This article is sponsored content brought to you by K-Lab Digital Solutions.
As digital dentistry progresses, there is an ever-increasing number of possible workflows to achieve that beautifully printed model or appliance. Of course, you need a printer, but what else? What are the main factors to consider?
Here are 4 critical steps to consider when planning your 3d printing workflow:
Data Collection and Refinement
An intra-oral scanner is essential for collecting the data required. This data needs to be refined into a printable file (something with “volume” which an intra oral scan does not offer.) Many scanners now come with software to quickly create a model for printing, without the added cost/ extra process of another software. To get more advanced models, or appliances (splints, surgical guides etc.) you will need to look to another software option which may be a pay per download, subscription, or purchase.

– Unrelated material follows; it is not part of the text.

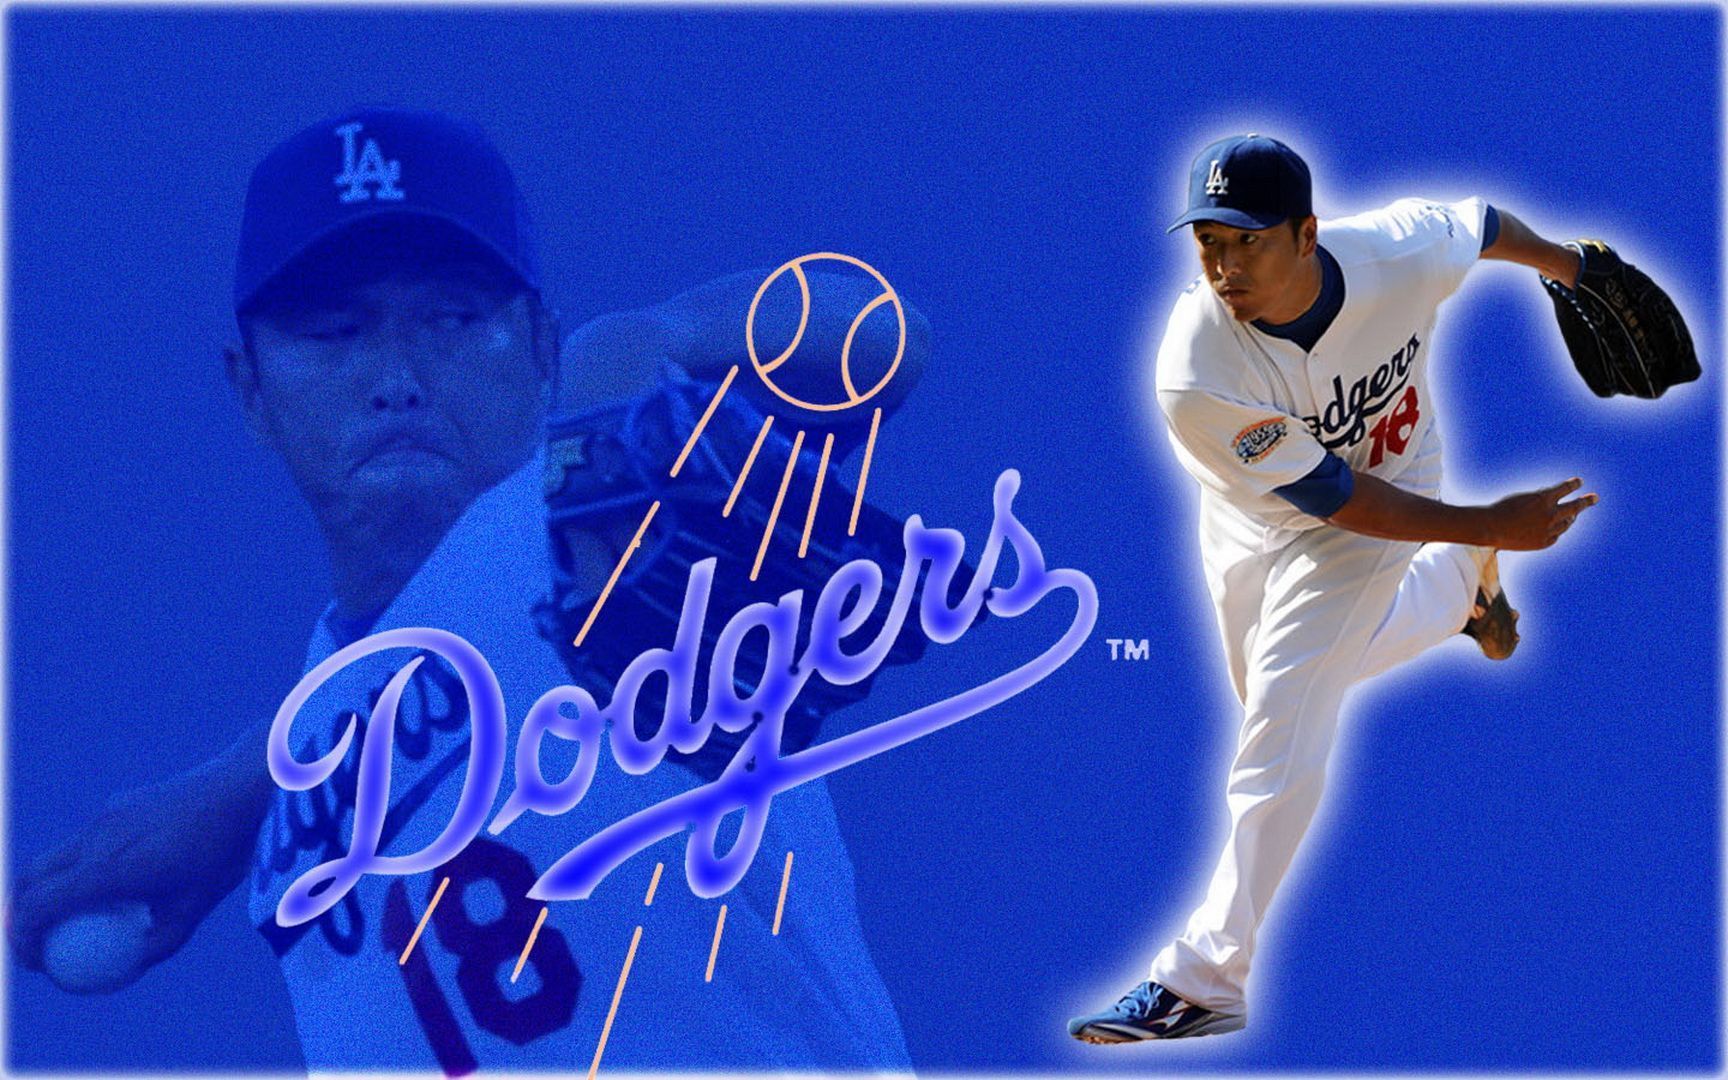 Wallpaperres.com | Los Angeles Dodgers Wallpaper Baseball 03

Printers come with nesting software enabling you to set how the model is printed. The “layer thickness” chosen will dictate the print time vs print quality. The printer you purchase will vary in both accuracy and speed, so research is important.
Once the printer has finished, you’ll be left with a wet sticky piece of plastic that needs to be removed from the build platform and cleaned in Isopropyl Alcohol (IPA). This requires, at a minimum, 2 sealable containers of IPA but could also be an ultrasonic cleaner or printer specific wash station. This is one area where you pay for convenience more than performance.
By post curing in a UV light box, the print gets it final curing for hardness and dimensional stability. Depending on your printer and resin, your options range from a simple UV light chamber to a system specific curing unit that may offer nitrogen or heating options. In this step the print will be subject to heat and a dimensional change. It is important to follow the resin manufacturer’s instructions to achieve an accurate and sometimes biocompatible result.
Printer and Resin Choices
Outside of factors like price, speed and build volume, your choice essentially comes down to openness vs ease of use. The more closed the system, the less chance of errors. However, a more open system will increase flexibility to adapt to changes, circumvent problems and integrate new outcomes.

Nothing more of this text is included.